A: Ms Madikizela advised that all BRT projects were in all host cities, and therefore the taxi industry was brought on board. She also mentioned that buses had been ordered and tenders offered.

Q: The Deputy Minister was asked whether government had guaranteed that signals would be available overseas, and how this was to be done, whether through use of satellite, under-sea cables, or both.

A: Ms Sekese advised that there were two-fold signal guarantees – namely, Johannesburg via Cape Town or Durban. She stated that the current capacity was not good enough. However, three international organisations were assisting in upgrading. Sentech was to construct a satellite link to deal with satellite issues. Broadcasting rights were handled by FIFA, and that this was a commercial and not a government issue.
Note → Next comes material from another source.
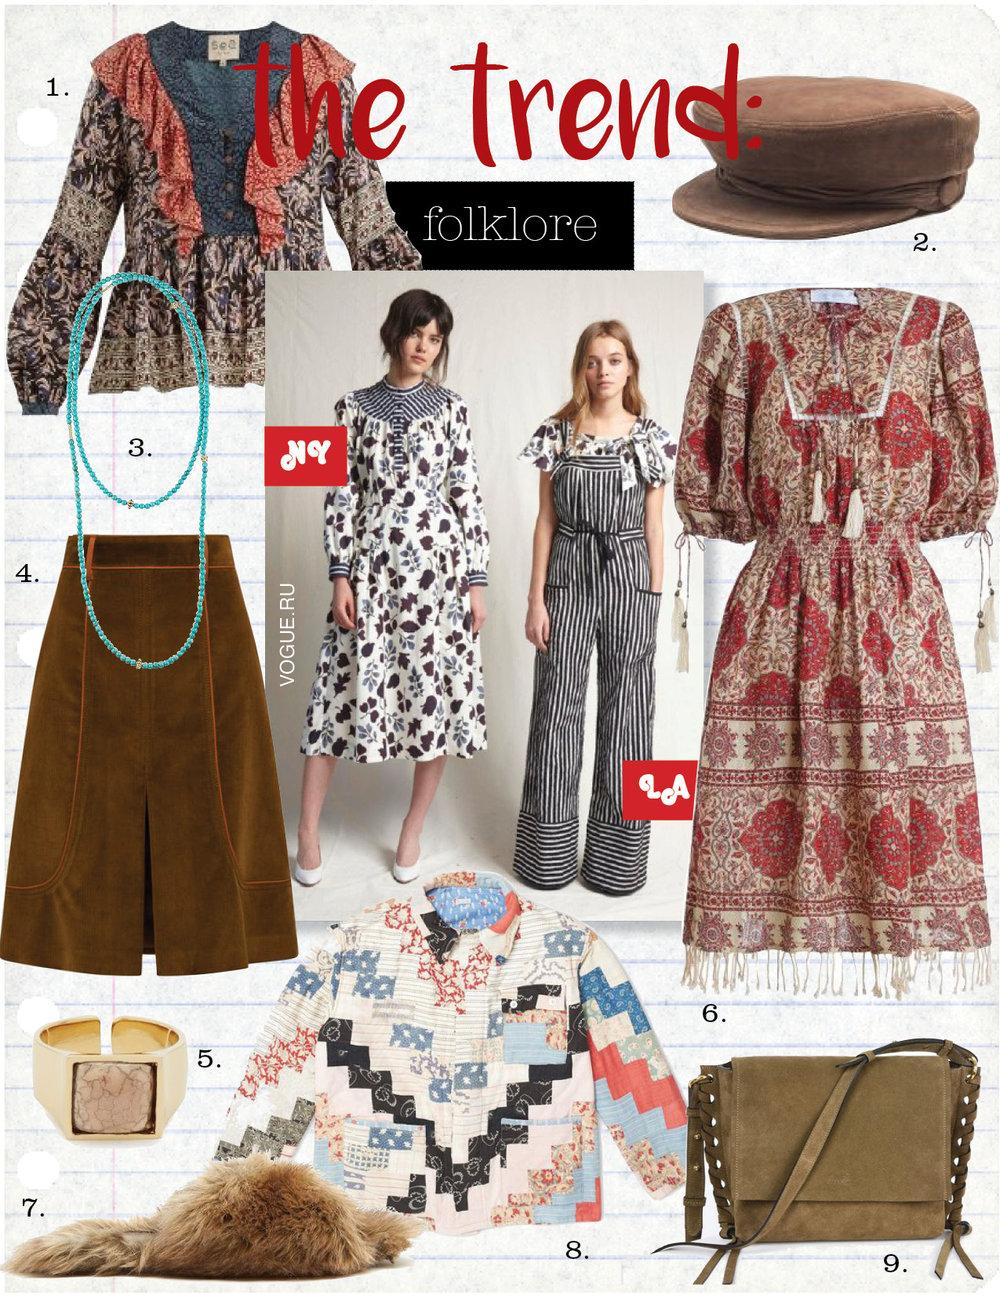 1. Sea maho border floral- print silk blouse, $437,  matchesfashion.com  2. maison michel new abby suede cap, $415,  matchesfashion.com  3. lagos 18k gold and turquoise single strand necklace, $600,  macys.com  4. prada corduroy skirt, $1350,  prada.com  5. isabel marant stone - embellished ring, $191,  matchesfashion.com  6. zimmerman tulsi border day dress, $640,  zimmermannwear.com  7. simone rocha faux - fur slides, $406,  matchesfashion.com  8. bode farm quilted workwear jacket, $1454,  bodenewyork.com  9. isabel marant asli suede calfskin shoulder bag, $590,  isabelmarant.com

Q: A question was posed on what the plans were with regards to intelligence gathering to combat scams, gangs, schemes and syndicates who might target the 2010 event.

A: Commissioner Andre Pruis, Deputy National Commissioner of Police, informed the media that there was a two pronged approach. The first would be targeting violent crimes and the second would target syndicates. He said that the South African Police Service (SAPS) was monitoring all syndicates. The second intelligence procedure completed recently indicated no evidence or suggestion that there were currently syndicates targeting the 2010 FIFA World Cup.

Q: The Deputy Minister was asked whether FIFA had any reasons to have a second plan.

A: Hon Moleketi replied that he could not speak on behalf of FIFA, but he assured everyone that both the Confederations Cup and the World Cup would take place in South Africa in 2009 and 2010 respectively. He stated that South Africa had hosted numerous other sporting events and other international occasions. He mentioned that the only difference was that of scale. He further assured the Press that South Africa would upgrade timeously to meet that scale

Q: The Deputy Minister was asked how many beds South Africa was short of, according to FIFA standards.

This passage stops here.